Krištof Kintera: Building Sculptures and Girl with a Dove 

Krištof Kintera
Building Sculptures and Girl with a Dove

Curator: Christelle Havranek
Project manager: Iva Polanecká
Digital guide: Martina Freitagová a Barbora Škaloudová

The entrance to the park at Klarov opposite Kunsthalle Praha leads not only to the park itself but also to a sculptural micro-city by the artist Krištof Kintera, who has created works based on seven actual buildings constructed in the second half of the past century in Prague.  Sensitively embedded in the uneven terrain, these concrete miniatures reflect a conventional urban environment comprised of current, demolished, and utopian buildings, including a church, bank, TV tower, shopping mall, central telecommunication building, housing estate, and a hotel. They exist in natural symbiosis with the central, and sole remaining element of the original park – a sculpture of a girl with a dove from 1958 by Václav Šimek.  

The reign of the Communist Party in Czechoslovakia from 1948 until the Velvet Revolution in 1989 caused a cultural slowdown, but this limited arena also allowed for the emergence of groundbreaking architecture of international significance. However, to this day, Czech society accepts this fact only with a certain degree of ambiguity, and the burden presented by the unscrupulous communist regime causes a continuous lack of appreciation. Unfortunately, such an attitude has been demonstrated in several tragic demolitions, such as the case of the grand Hotel Praha, or the planned take down of the ÚTB (Central Telecommunication Building) in the Žižkov district. For a long time, Prague-born Krištof Kintera has been following the unpleasant process of erasing the social memory of the city, and he has decided to react by transforming selected buildings into sculptures – artworks that offer a completely new framework for perceiving brutalist architecture. Diverse measurements, dramatic lighting, and demolished parts evoke the fluctuating popularity of these buildings, yet Krištof Kintera’s utopian city is first and foremost a clear demonstration of powerful architecture in oppressed times.  

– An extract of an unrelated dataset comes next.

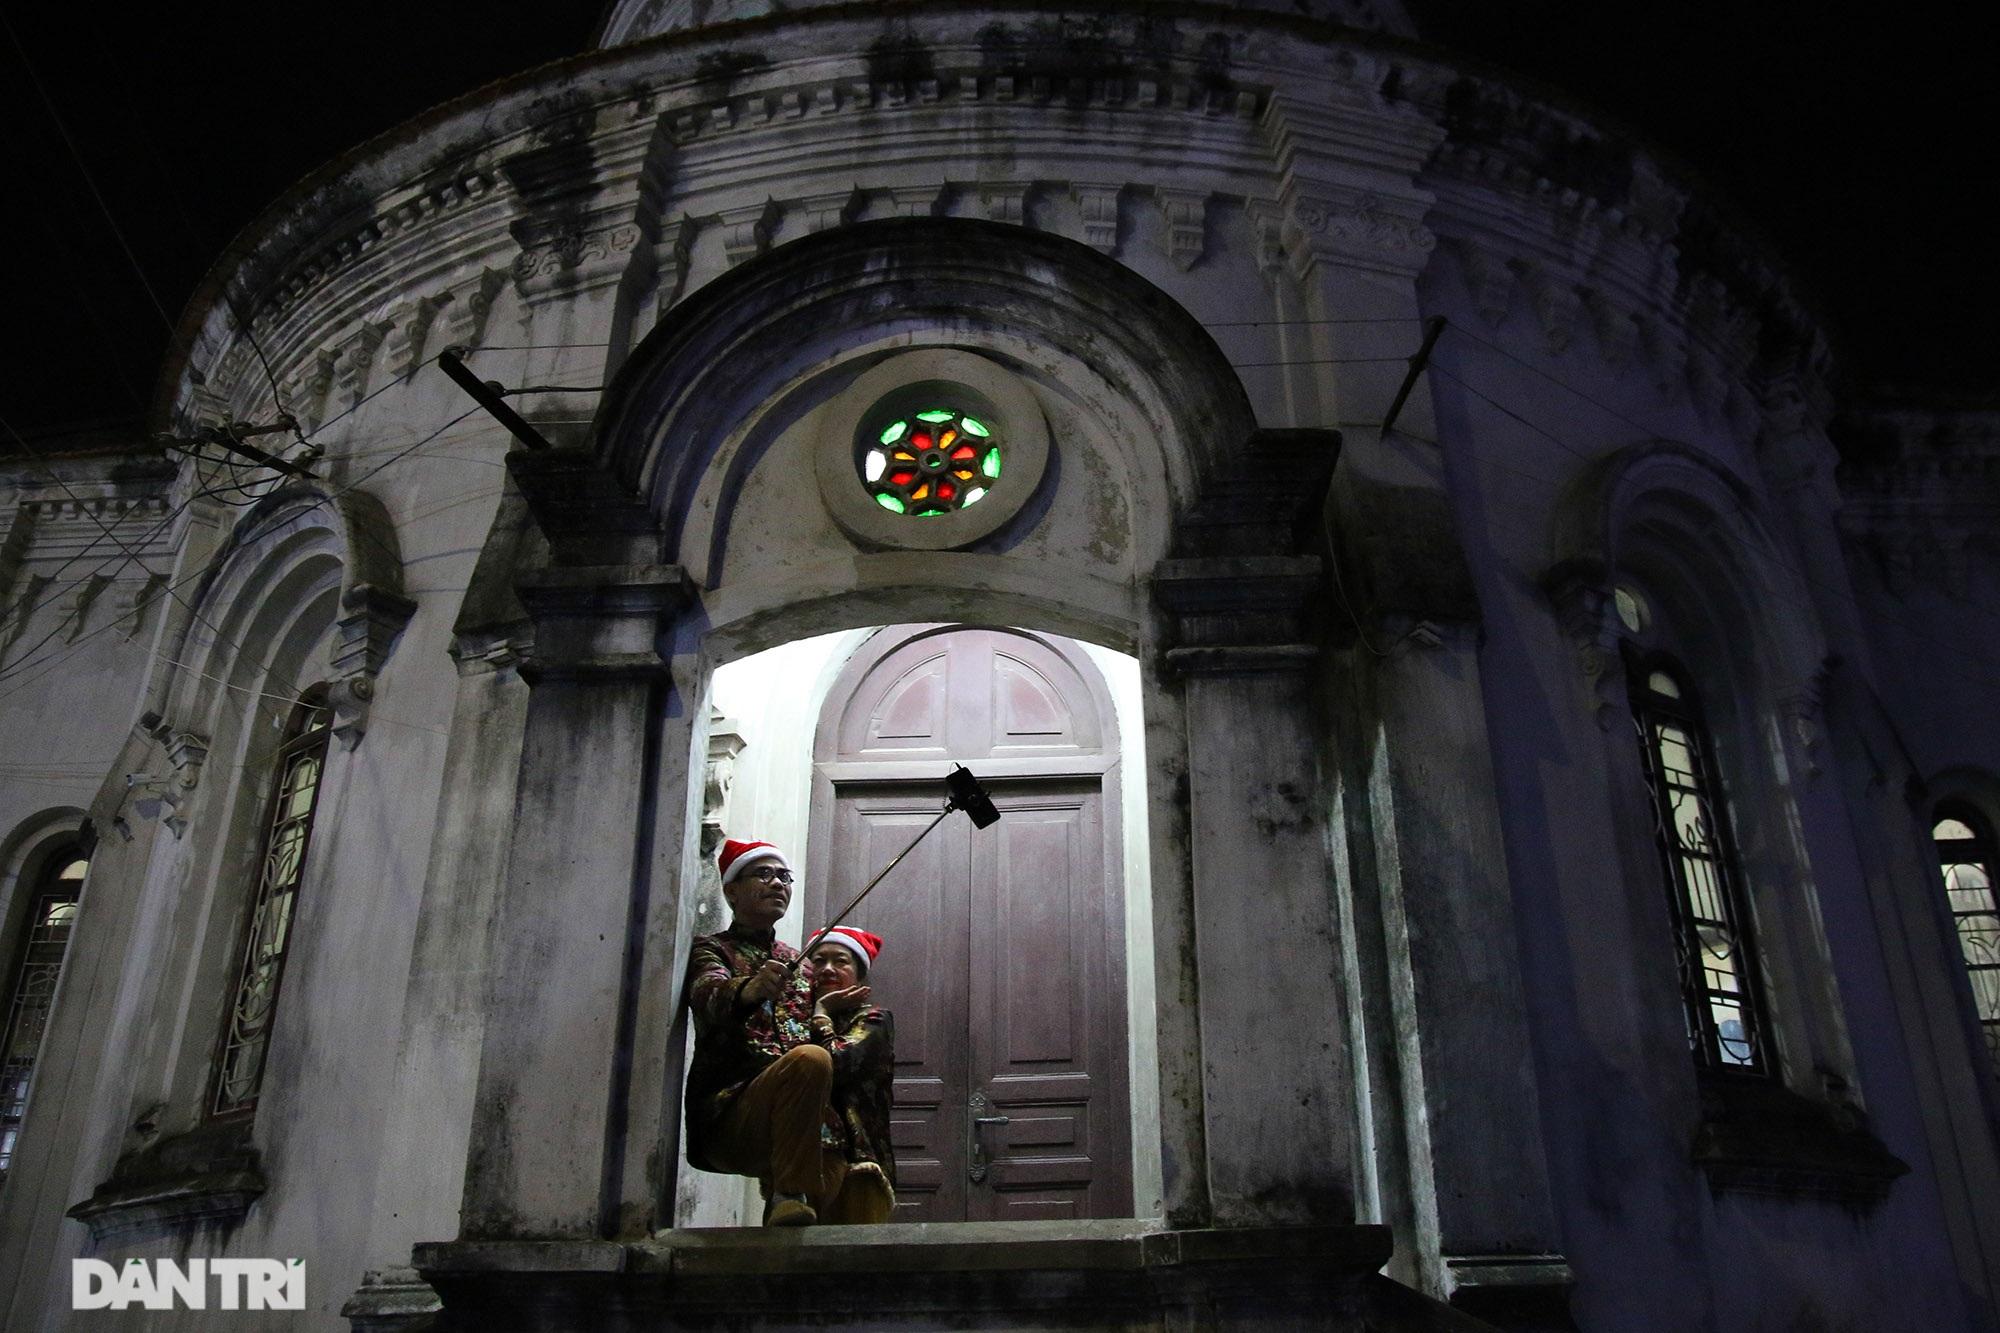 Đêm Giáng sinh lung linh ánh đèn tại xứ đạo Thạch Bích - 9

The project Building Sculptures and Girl with a Dove is a natural continuation of the opening exhibition of Kunsthalle Praha titled Kinetismus: 100 Years of Electricity in Art.  

© Vojtěch Veškrna

AN EXHIBITION CATALOGUE WAS CO-PRODUCED BY KUNSTHALLE PRAHA & BIGG BOSS. BUY IT IN OUR DESIGN SHOP

The catalogue accompanying the site-specific project of Kunsthalle Praha titled Building sculptures and Girl with a Dove by Krištof Kintera enriches the current literature about brutalist architecture in Prague with an unusual outlook on buildings from the communist era. The sculpture Girl with a Dove from 1958 has become a stepping stone for placing seven light sculptures onto an uneven terrain in a nameless park in Klárov. Together they create a unique socio-urban whole including current, demolished and utopian buildings. The transformation of selected houses into sculptures – artworks, miniaturised, lit and partly demolished by Kintera, creates an entirely new framework of perceiving architecture supported by texts from the architecture theoretician Rostislav Koryčánek, interview by the curator Christelle Havranek and unique photographs from the making of sculptures as well as vast archive material.

KRIŠTOF KINTERA

Krištof Kintera attended the Academy of Fine Arts in Prague, where he studied in Milan Knížák’s and other studios. Although nominated three times for the Jindřich Chalupecký Award, he has never won it. Kintera was part of a performative theatre group called Jednotka, as well as initiating and building (with his own hands) the NoD experimental space above the Roxy, a legendary club in Prague. In 2014 Museum Tinguely in Basel in Switzerland held a groundbreaking exhibition by Kintera, which was followed three years later by his seminal Czech exhibition Nervous Trees at Galerie Rudolfinum in Prague. He regularly works on the art concept and exhibitions for the 4 + 4 Days in Motion contemporary art festival, and he is co-curator of the ProLuka gallery in Prague. His work for public space in Prague includes two sculptural installations: Of One’s Own Volition – Memento Mori (2011) and Bike to Heaven (2013).